── Dataset content ──
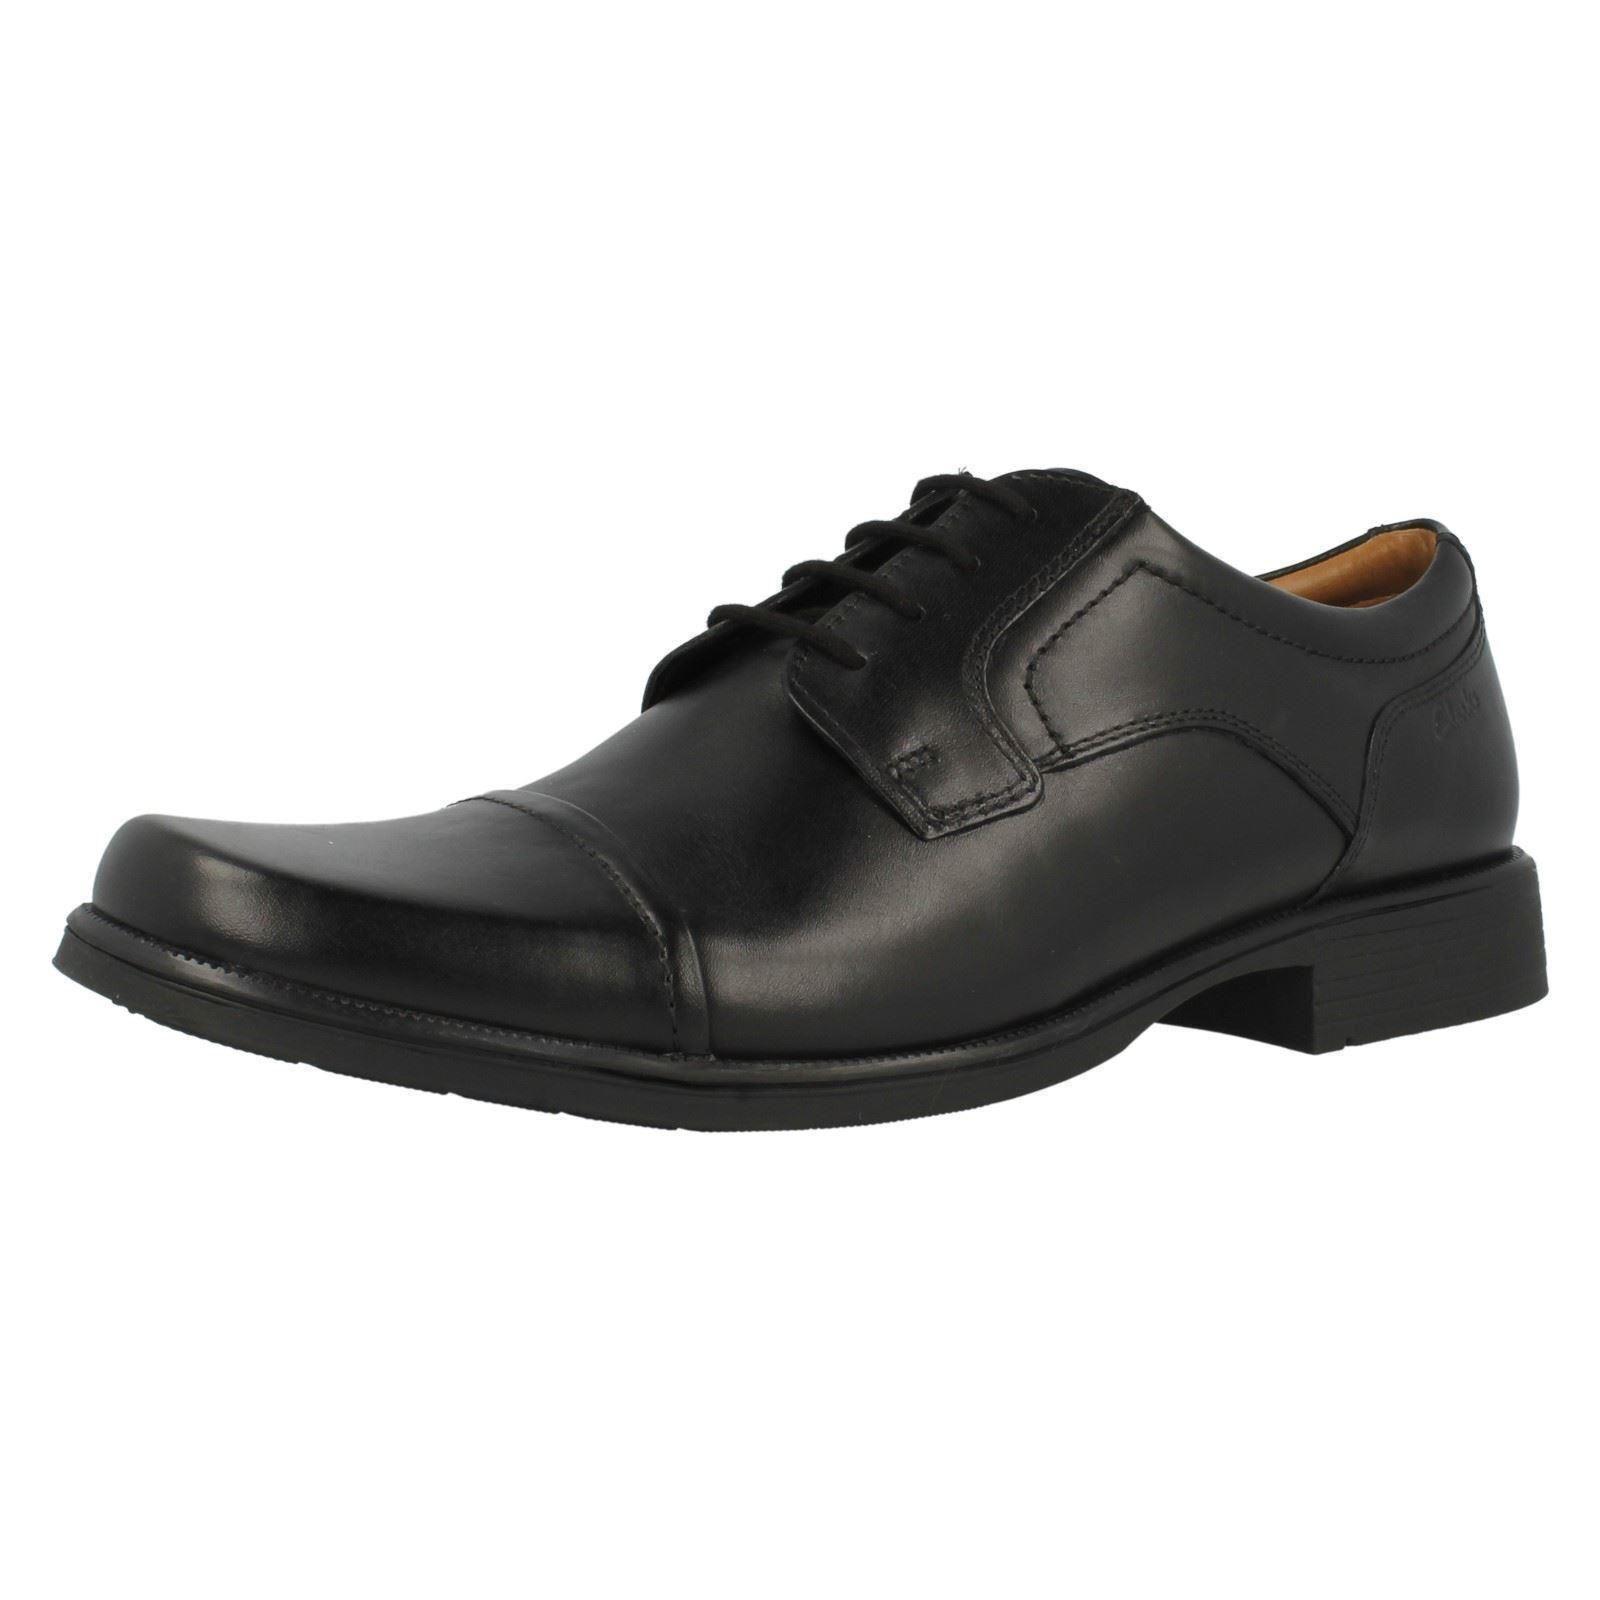 Herren Clarks Huckley Kappe Schwarzes Leder Elegant Oxford Schnürschuhe
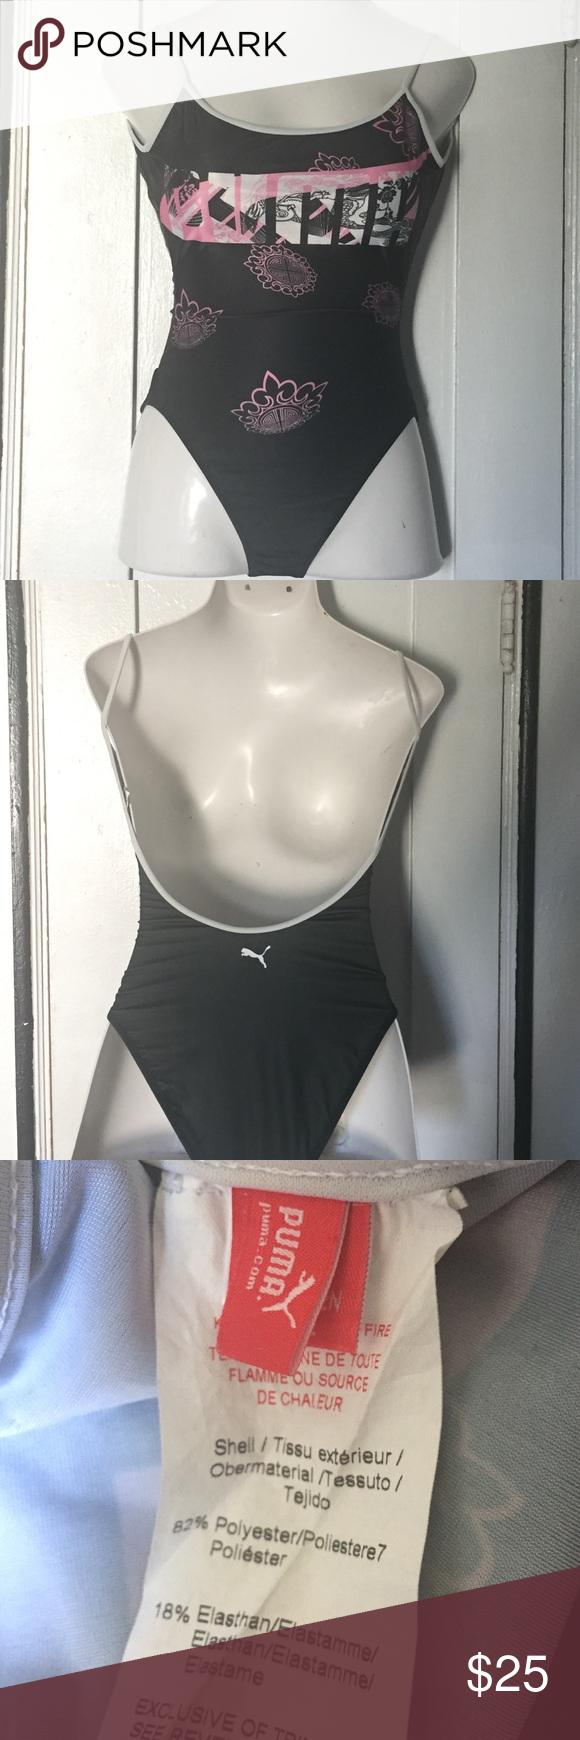 Puma One Piece Open Back Bathing Suit Size Medium My Posh Picks
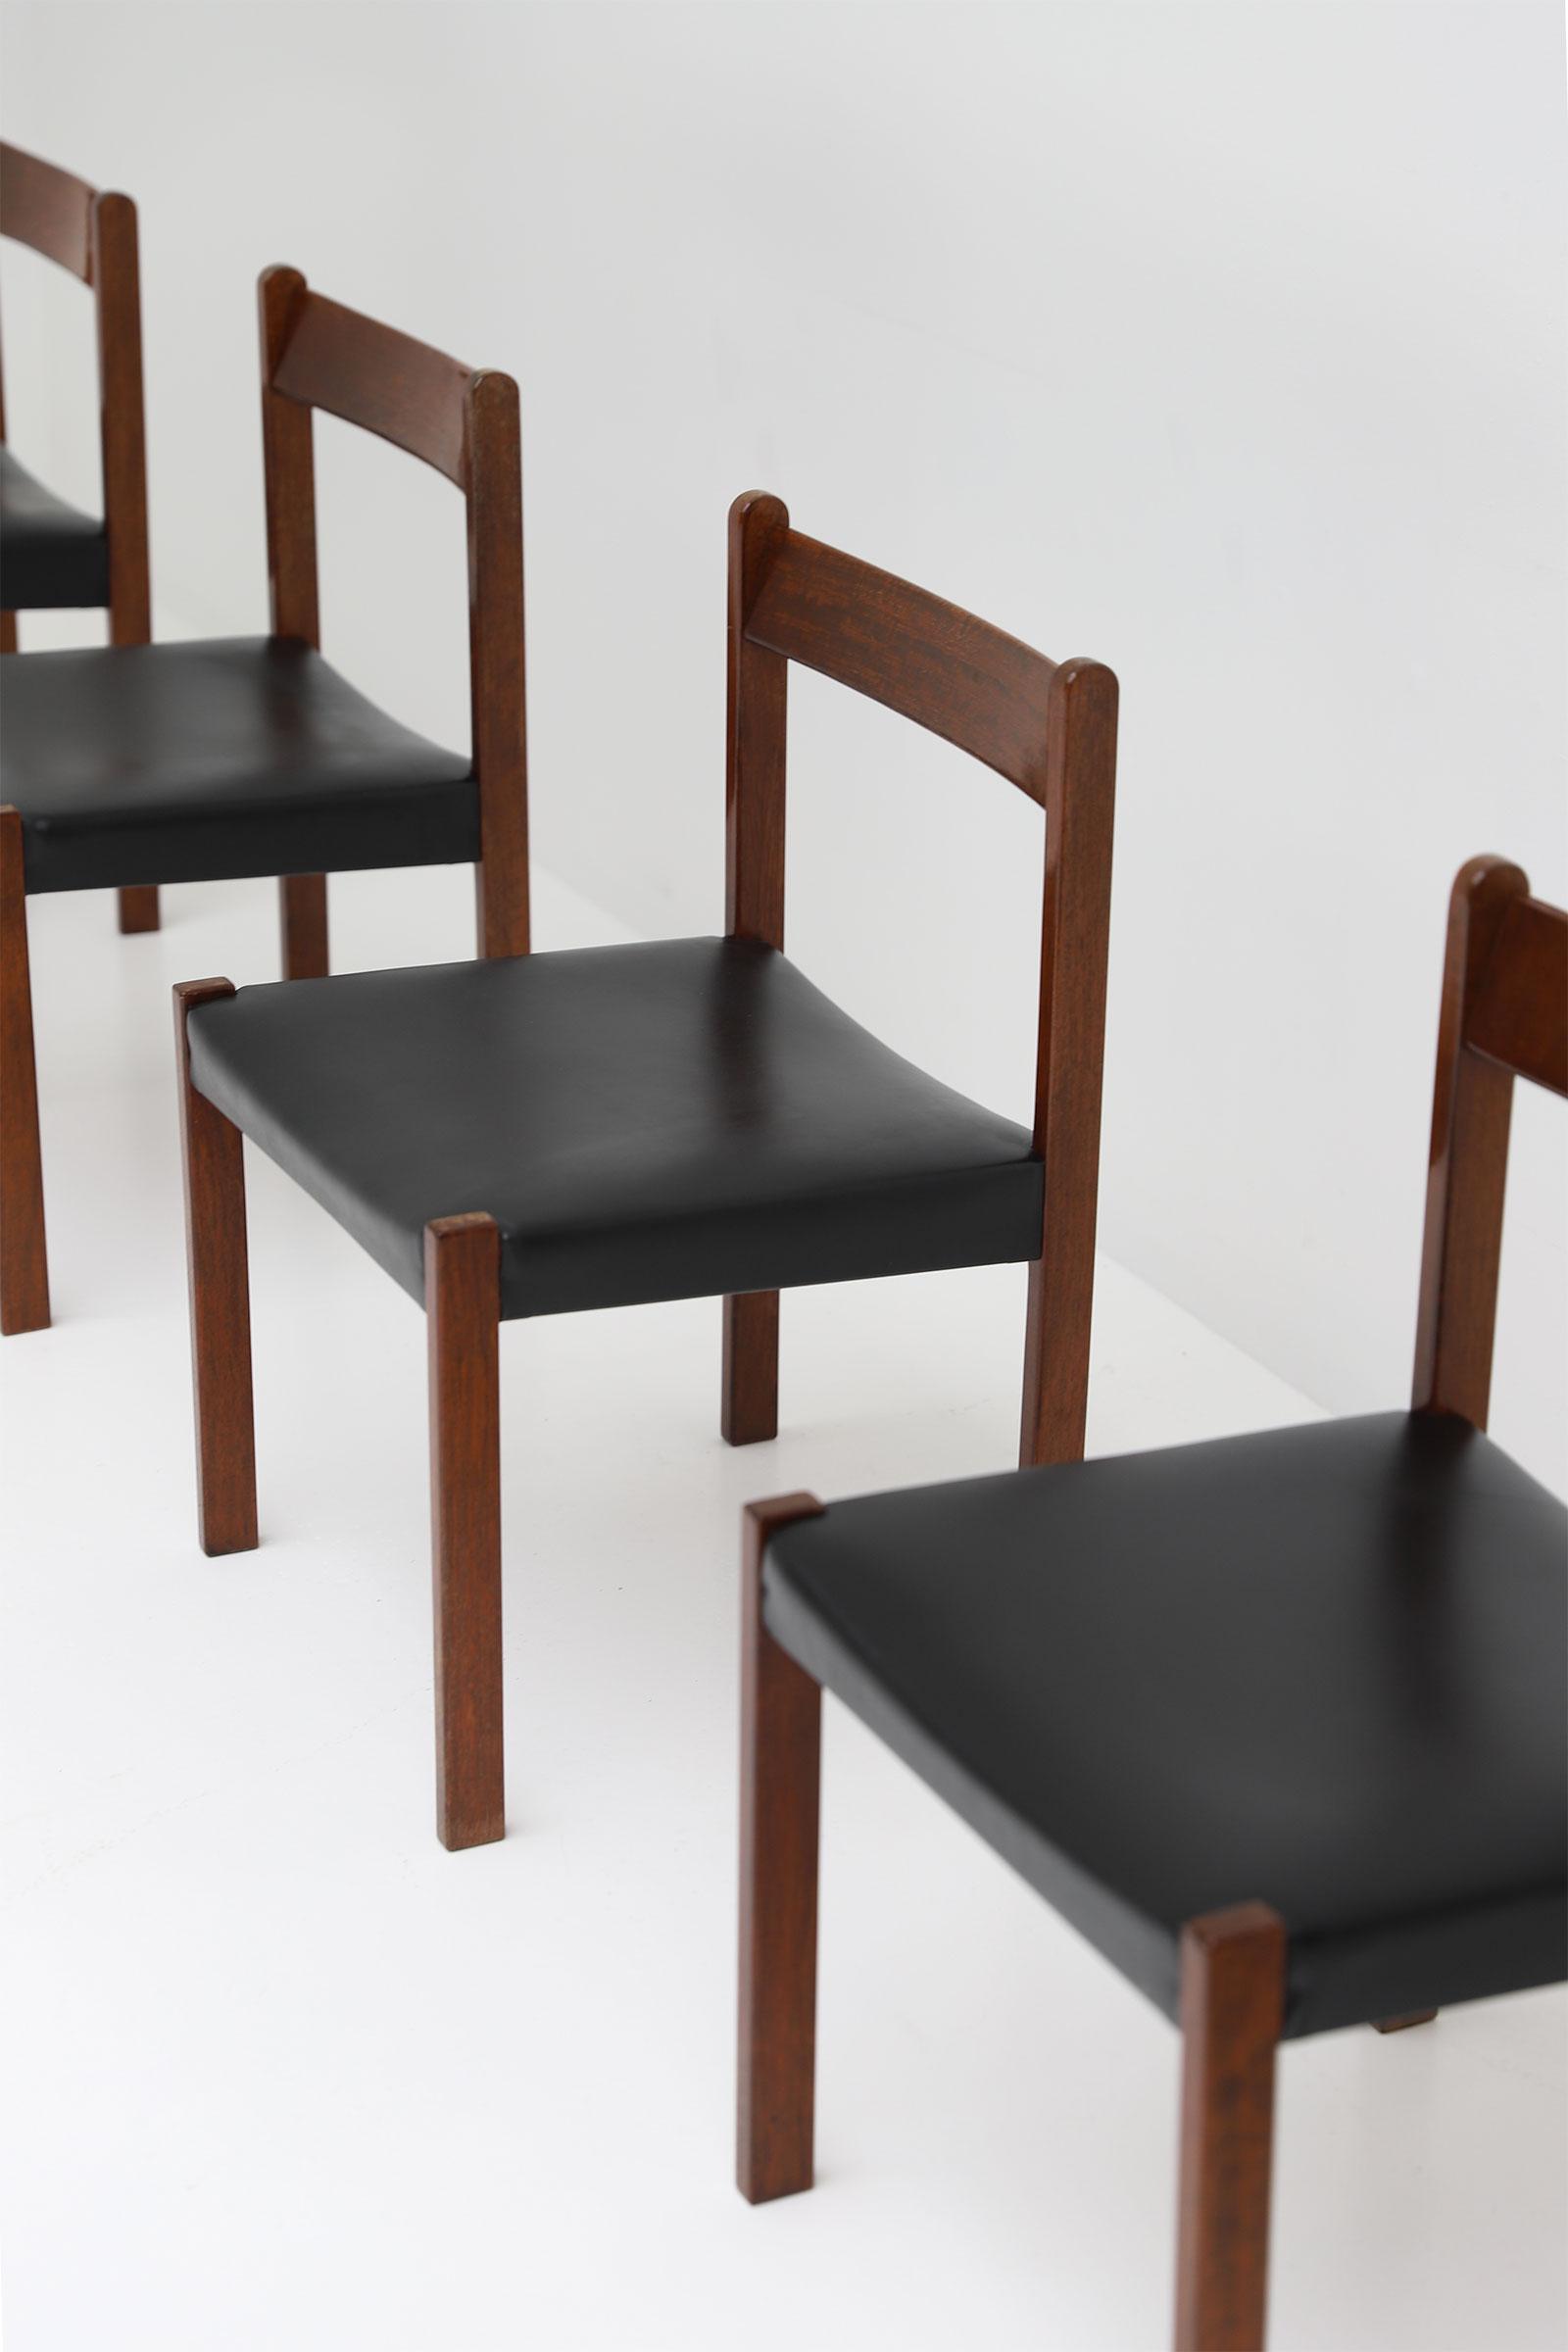 Alfred Hendrickx Belform Chairsimage 4
───
> Your objective
From the line that contains "Puma One Piece" down to the last line of the material above, every line must be repeated exactly, with pictures removed and both end lines included.

> Task output
 Puma One Piece Open Back Bathing Suit Size Medium My Posh Picks
 Alfred Hendrickx Belform Chairsimage 4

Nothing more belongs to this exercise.